This study is not without limitations. First, this is a cross-sectional study and while associations found provide important clues, they are not necessarily causal. It is possible that there are more alcohol outlets near persons who drink more to meet the increased demand by those drinkers. Second, ethanol consumption is self-reported rather than objectively measured. While not perfect, there is some evidence (Gruenwald and Johns on, 2006), however, that a self-reported quantity-frequency measure based on the previous month of drinking exhibits good reliability (0.76). Third, survey non-response potentially introduced bias. The danger of non-response bias is somewhat mitigated because non-response here is mostly due to non-contact rather than due to non-cooperation which can be more selective. For establishing associations (rather than prevalences) the bias is also mitigated through the presence of regression covariates.

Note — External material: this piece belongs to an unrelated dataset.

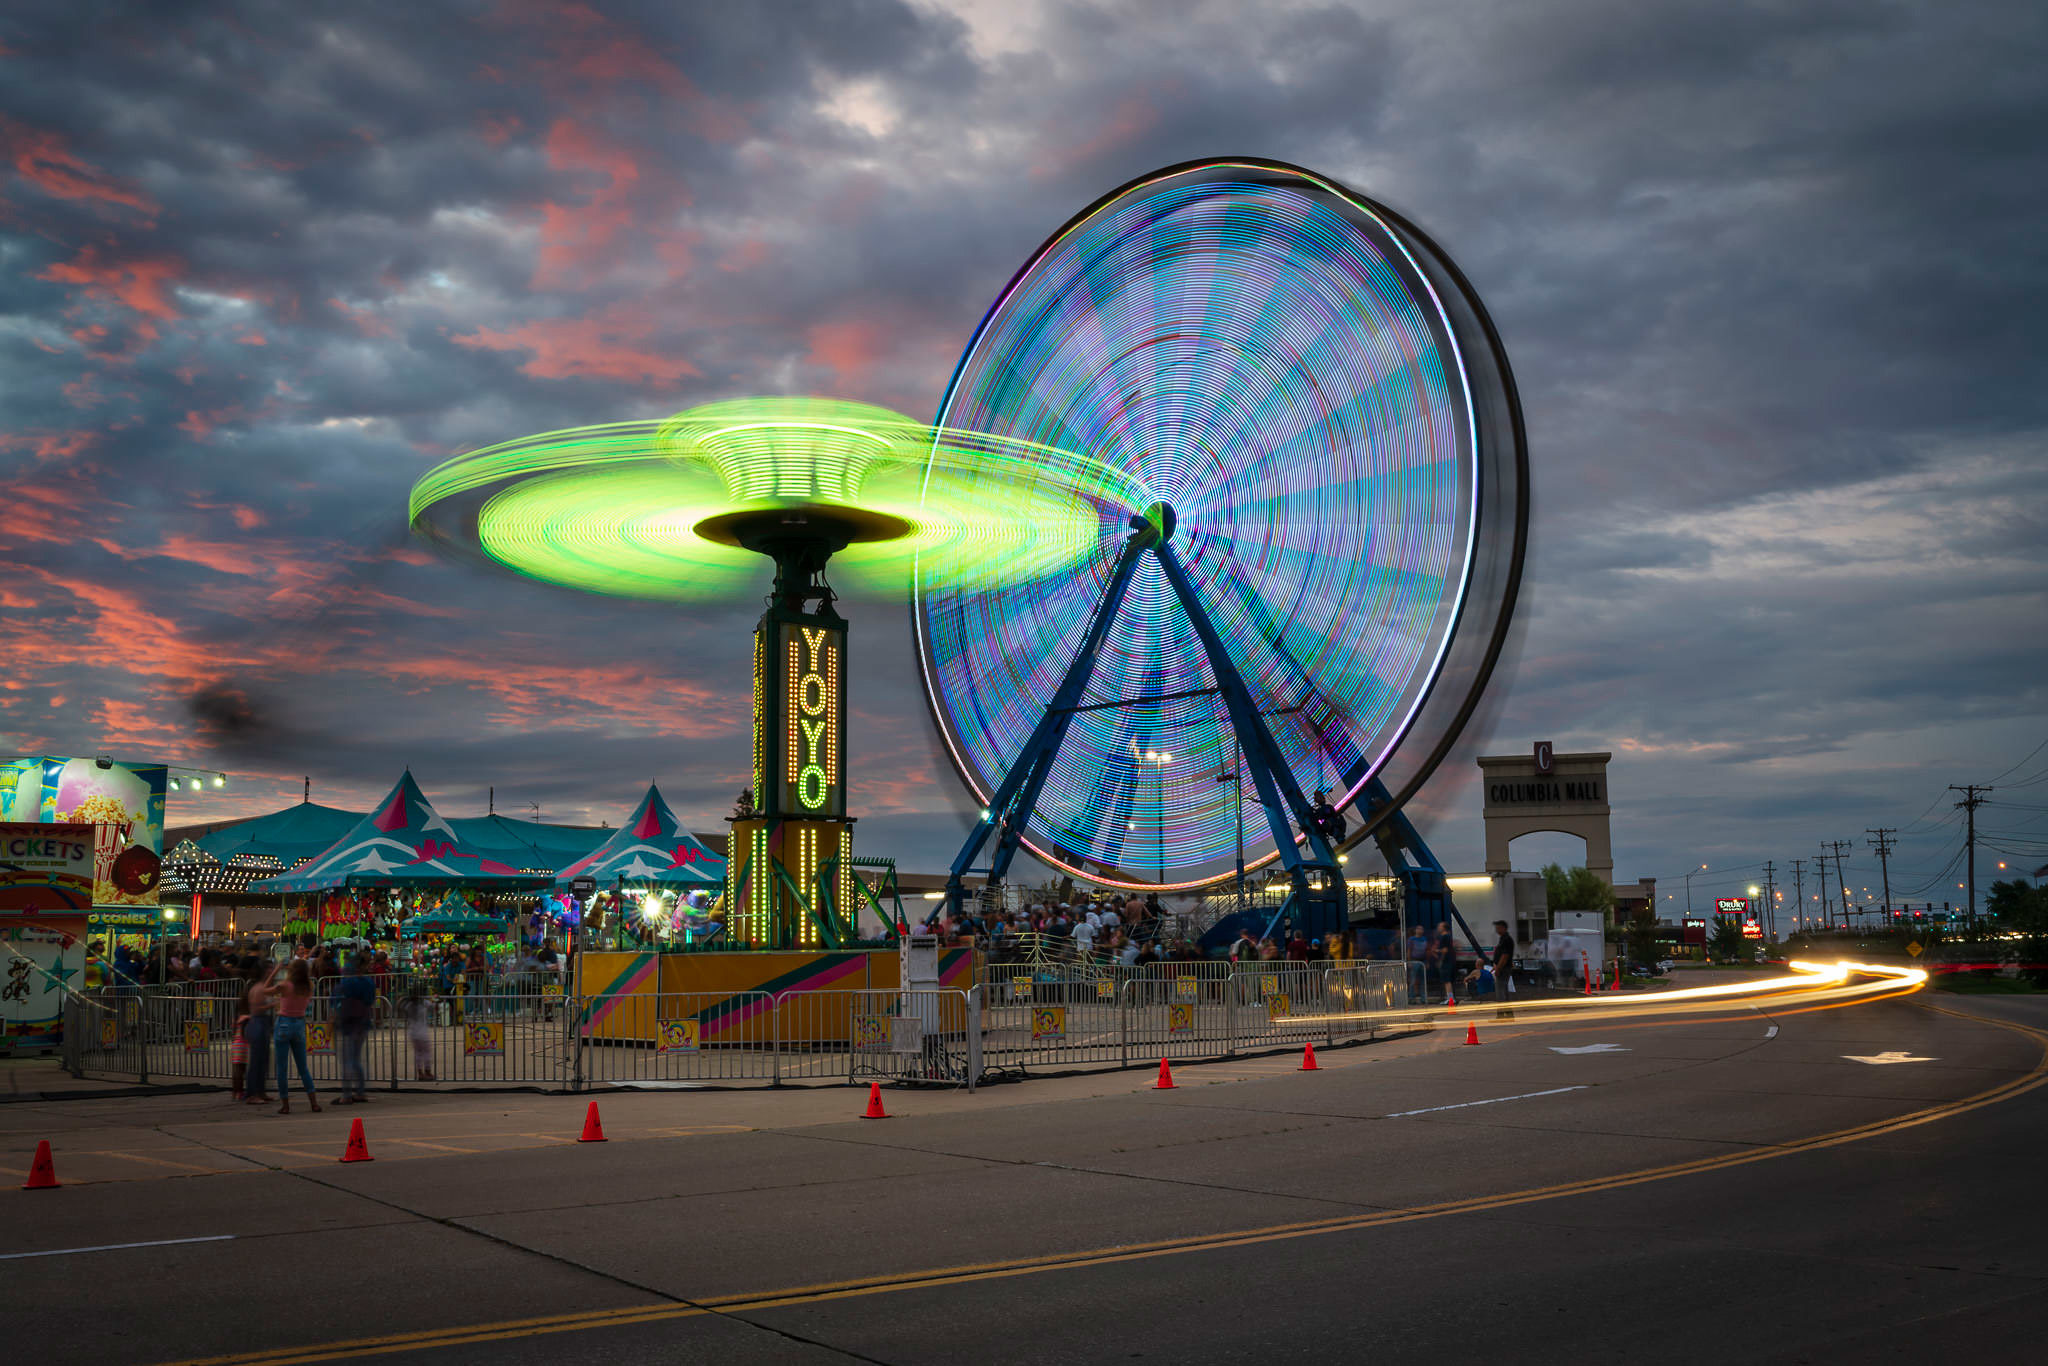 A long exposure photograph of a carnival at dusk.

In summary, findings illustrate important limitations in determining exposures to alcohol based upon geographic proximity and outlet density. The main purpose was to assess the magnitude of the association between exposure and drinking, so that policy-relevant solutions can be identified that can reduce the negative consequences of alcohol use. Varying geographies and travel patterns make this investigation very complex, and ultimately, more sophisticated technologies that objectively measures exposures based upon actual interactions will be needed. Furthermore, other exposures that potentially influence drinking including print ads, billboards, and television viewing where the alcohol industry expends a significant amount of resources need to be considered. Developing a model that would take the full scope of exposures into account will be helpful in isolating the most significant exposures that lead to alcohol consumption and alcohol-related morbidity and mortality.

Acknowledgments

This research was supported by grant R01AA013749 of the National Institute on Alcohol Abuse and Alcoholism. The views presented in this paper are those of the authors and do not represent those of the funding agencies.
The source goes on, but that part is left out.